Я сунул заостренный железный прут в боковой карман, но он не уместился за пазухой, торчал наружу.

— Прорви подкладку и сунь, — посоветовал Никитин, показывая, как сделал он.

Я пристроил удобно прут за пазухой, и мы двинулись к метро, разговаривая по дороге.

— Мы не одни получили такое задание. Там будет много наших, но мы не знаем друг друга… Ох и повеселимся! Рядом с Руцким тоже полно наших. Подскажут ему, что вякнуть, когда у него голова закружится… А в воинских частях у телефонов наши сидят. Как только мы прорвемся к Белому дому, ему подскажут, что звонить нужно в Таманскую дивизию, военных вызывать. Оттуда ответят: слушаемся, поднимаем часть по тревоге! Ждите! Он уши развесит… Ох и потешимся!.. Только ты не горячись, под пули не лезь. Главное, народ завести!

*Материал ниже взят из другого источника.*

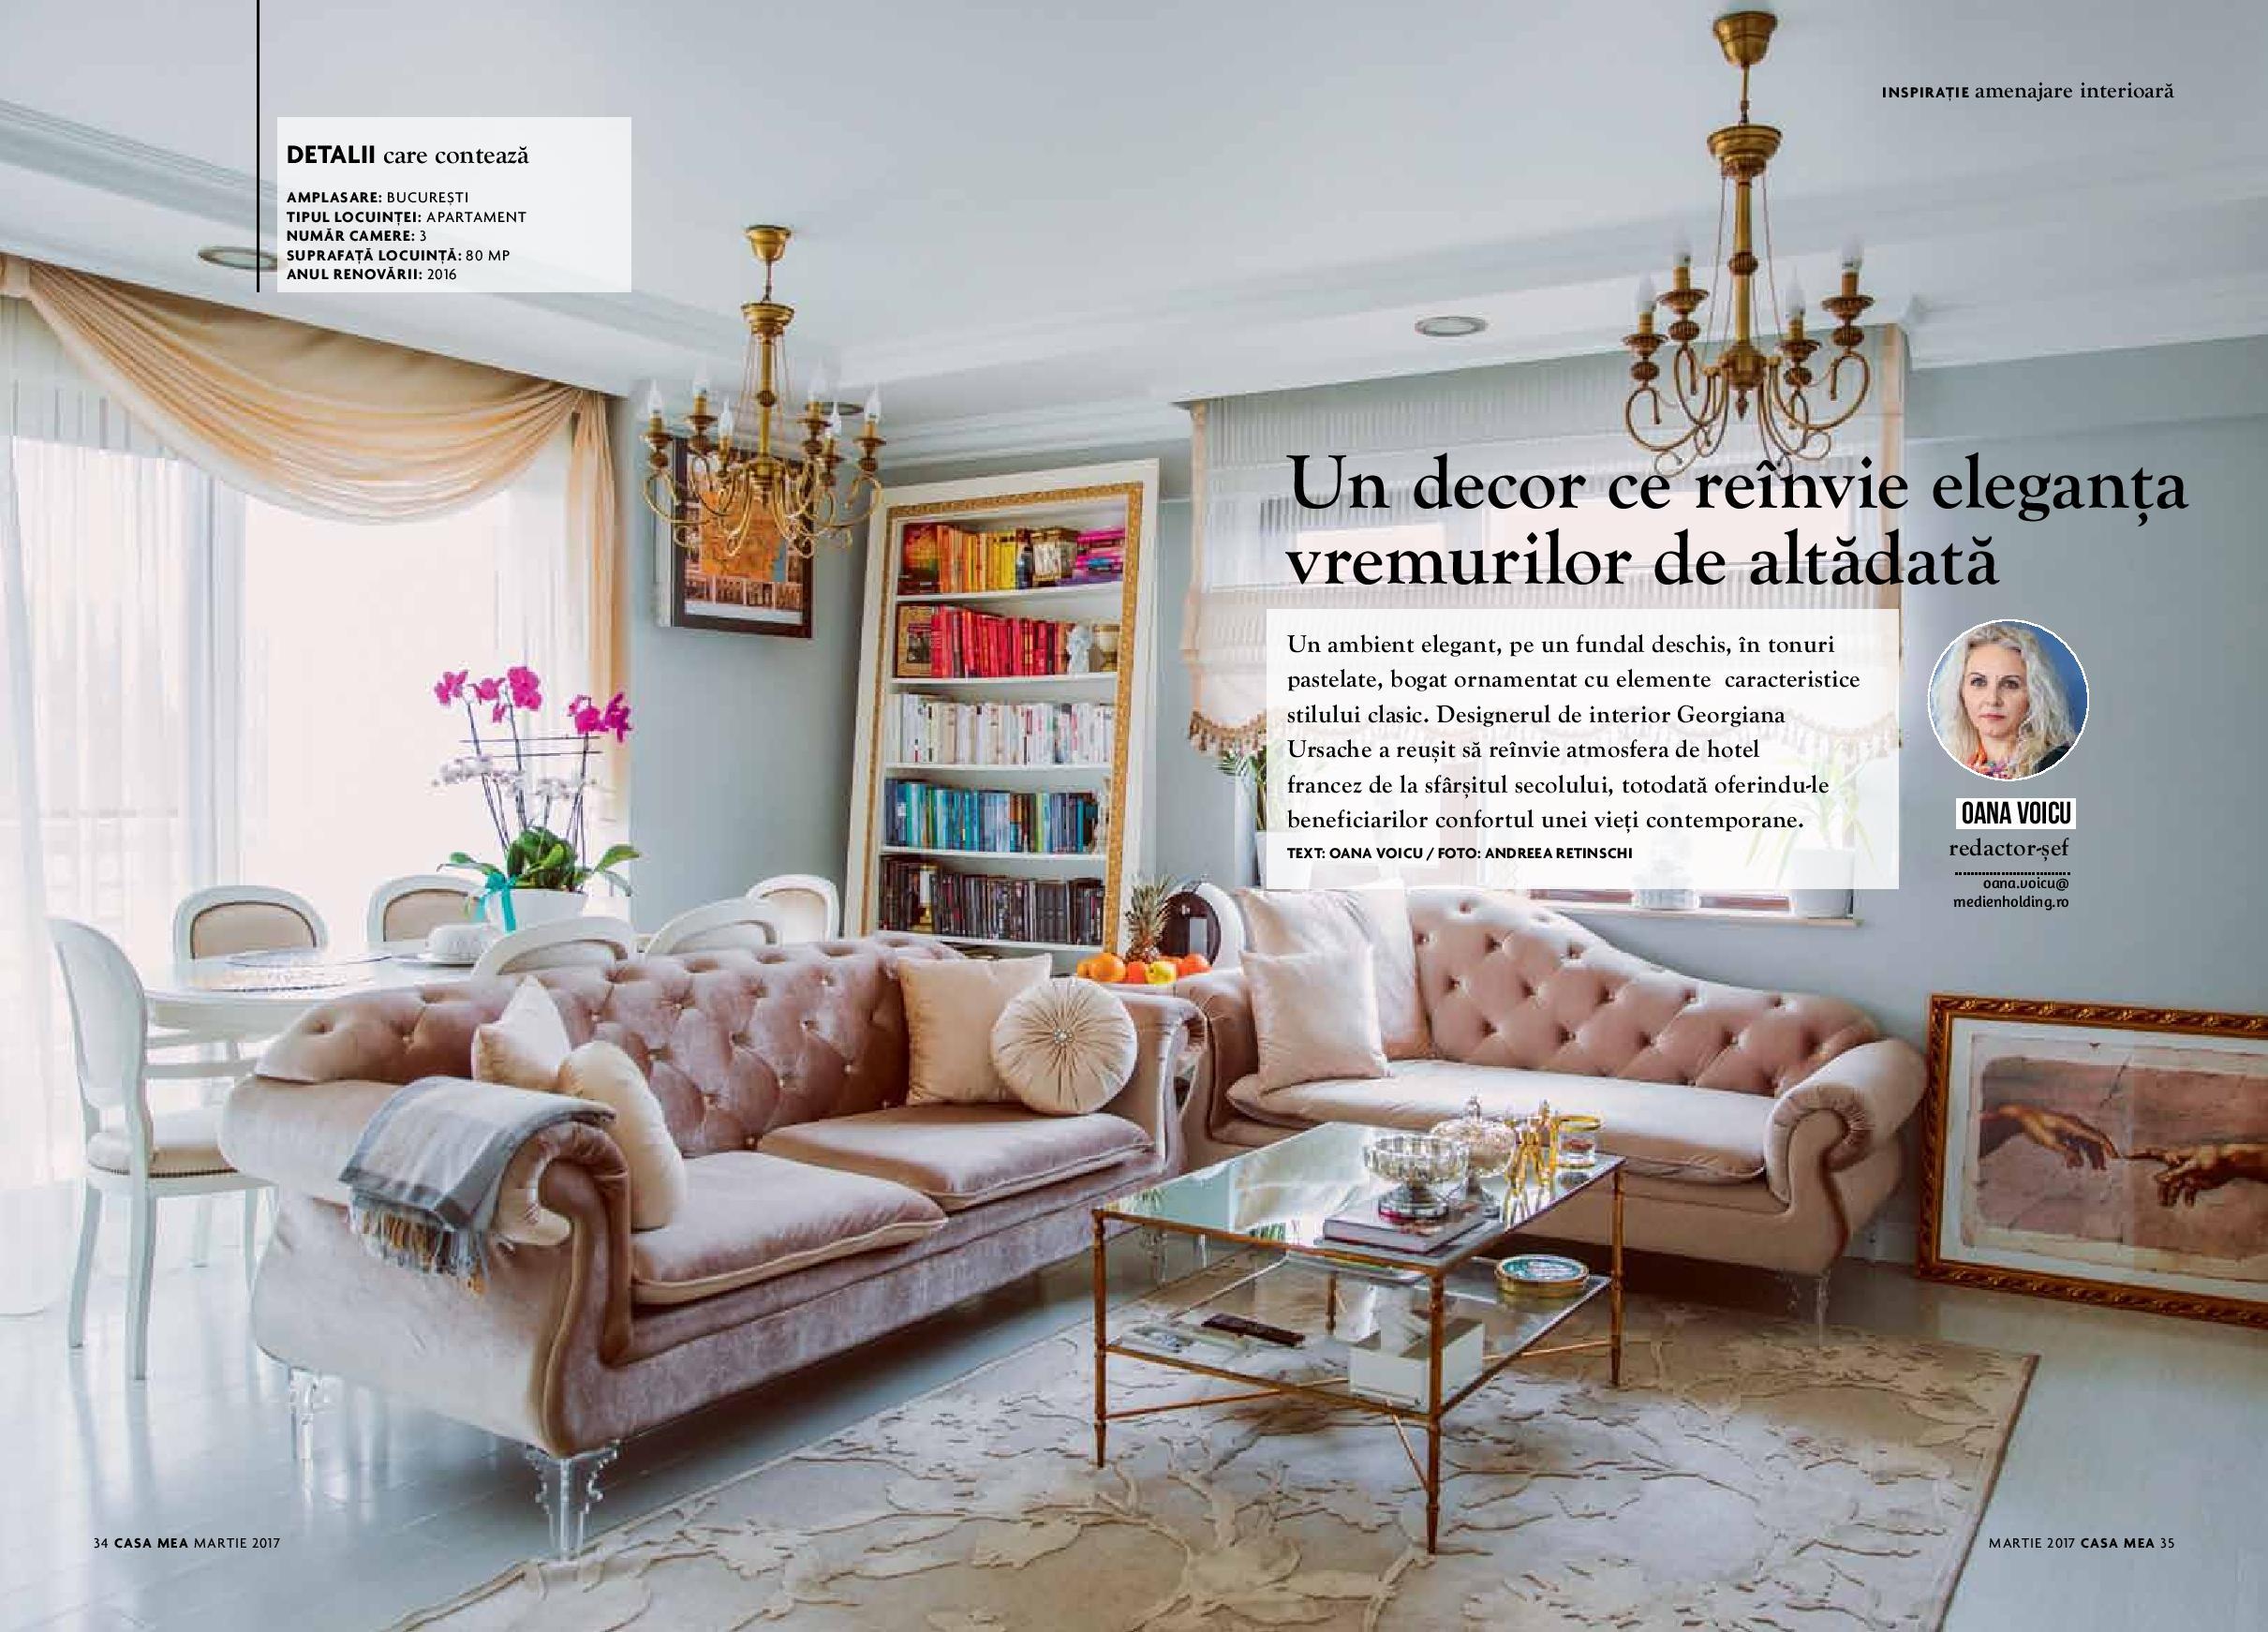 amenaj UG Interiors AZ-page-001
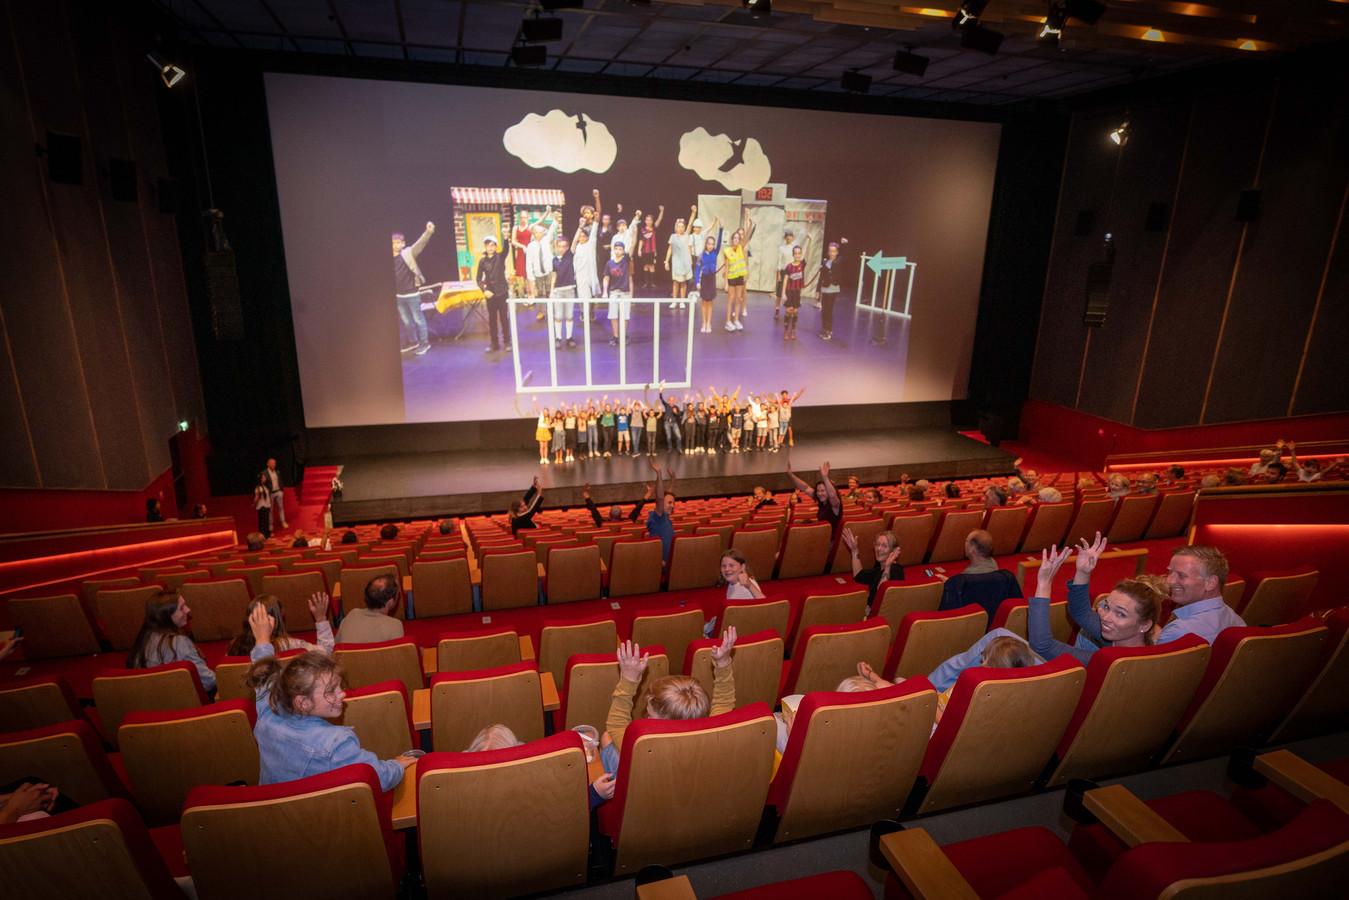 De bioscoop van Pathé in Lent. Foto ter illustratie.

— Разве стрелять будут? — удивился я.

— Будут, еще как будут.

— По народу? Кто же выстрелит?

— Объявят, что не народ идет, а бандформирования. По ним и будут стрелять. Тем более, они первые начнут, первыми из толпы выстрелят.

— А если не выстрелят, тогда как?

— Выстрелят, непременно выстрелят, есть кому стрелять, — засмеялся Никитин.

Я понял, что стрелять будет кто-то из наших. Я не стал расспрашивать, где и когда начнут расстреливать народ. Скажет потом. Если прорыв к Белому дому всего лишь первый этап, значит, будет и второй, и третий, а может и четвертый.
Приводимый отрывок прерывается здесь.